Which IPSec settings do you recommend to configure instead of default?
main-l2tp should only be used for l2tp. Anywhere else I prefer ike2, it should be safer (until someone discovers some vulnerability of the protocol or the Mikrotik implementation of it). I assume the IPsec peer created dynamically if you set ipsec-secret for GRE or IPIP or EoIP tunnel has exchange-mode set to main, doesn’t it?
As you’ve found out yourself, there are several possible explanations why the IPsec tunnels carrying your GRE tunnels fail, but in your specific case I think none of them is relevant as they only seem to fail to recover from a disruption, they never failed to set up initially or to continue running if no external cause broke them. So on top of my previous suggestion regarding logging, I can only suggest you to switch to exchange-mode=ike2 (which requires manual configuration so the easiest way is to copy the dynamically created peer and policy into static ones with disabled=yes, then remove the ipsec-secret value from the /interface gre configuration, and then modify the exchange-mode on the peers at both devices to ike2 and enable them and the policies). But only do that after upgrading to 6.43.1 as in all previous versions the IKEv2 had its own issues now known.

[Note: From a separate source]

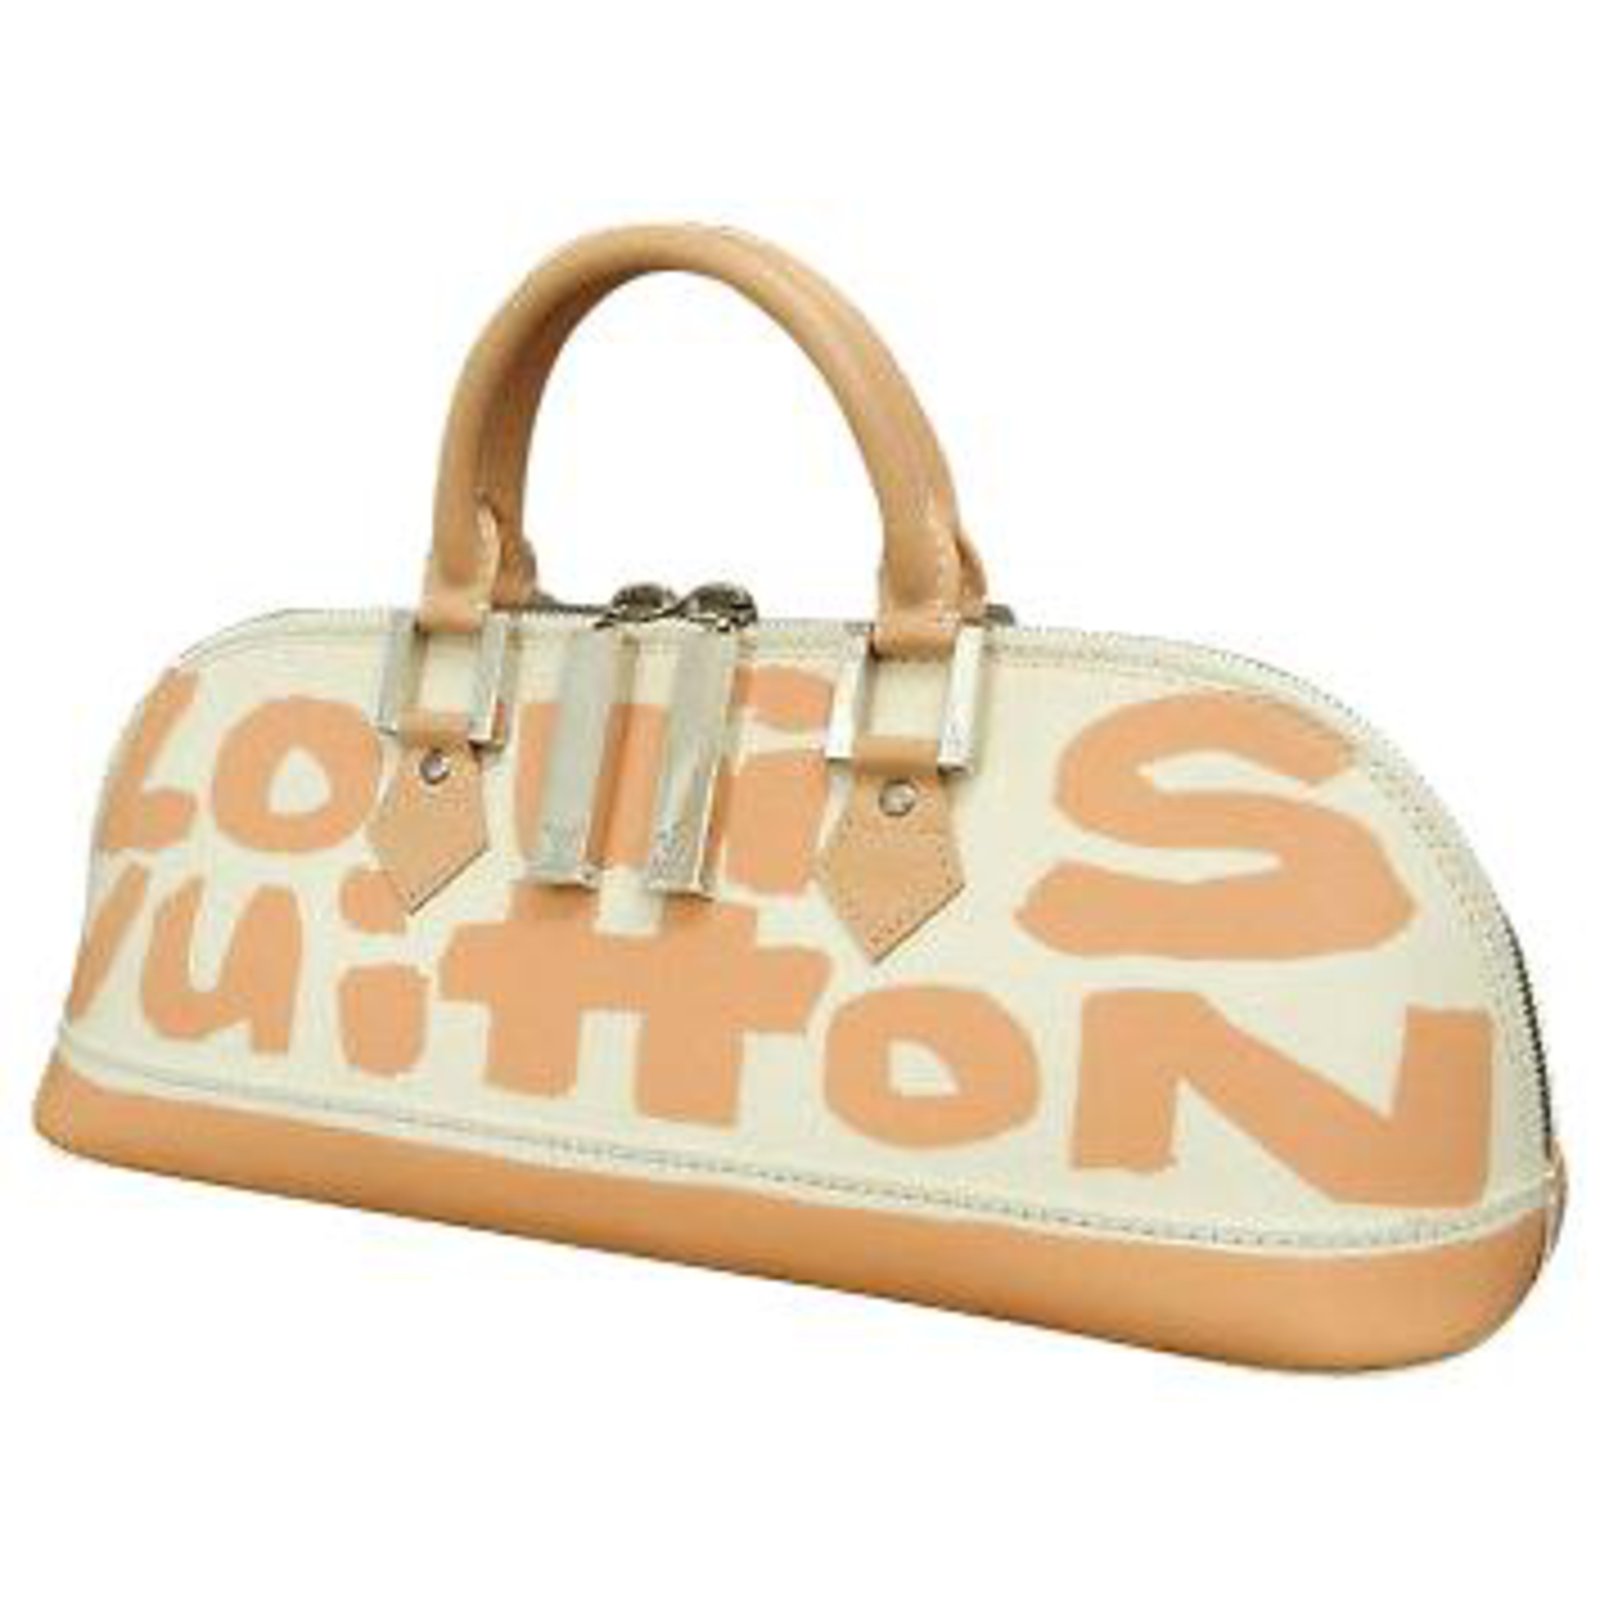 Alma graffiti leather handbag Louis Vuitton White in Leather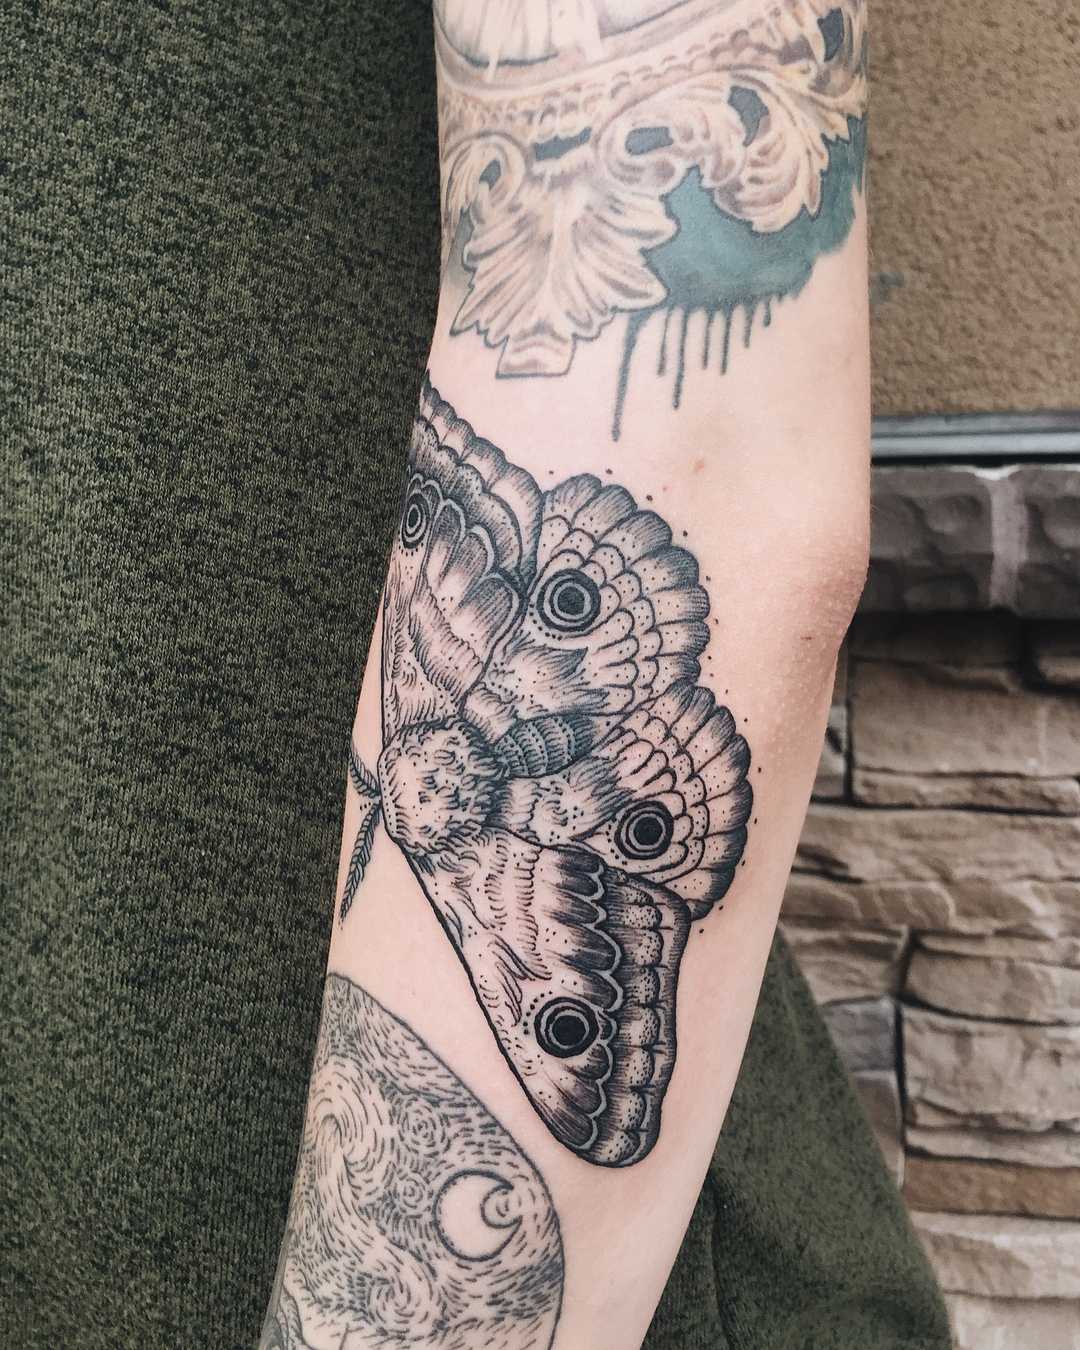 Furry moth tattoo by Finley Jordan

The idea behind is that if there is some issue in the way how IKE(v1) handles the recovery, the IKEv2 which is mostly an independent algorithm is quite likely not to contain the same bug.
But if with these settings you’ll encounter the same effects (disruption on the path between the devices to kill the tunnel until a manual intervention), you’ll have to revert to the logging anyway. So if you can use an external syslog server on both sites, it may be best to engage it; if you cannot, keep the howto from the post above handy at both sites in Spanish so that a local assistant can follow the steps when the connection goes down and doesn’t recover after a disruption.
Sorry, I want to ask one more question related to this.
In another Enterprise there are many GRE tunnels with ipsec (The only ipsec settings modified is the “ipsec secret” in the gre interface settings)
How can I flush an specific SA in there? I have dinamyc policies that I can not disable
Unfortunately you cannot. You can only flush all installed-sa, no way to flush only a particular one (or rather a matching pair thereof, which may be the reason). And no way to disable a dynamically created policy as you’ve found yourself.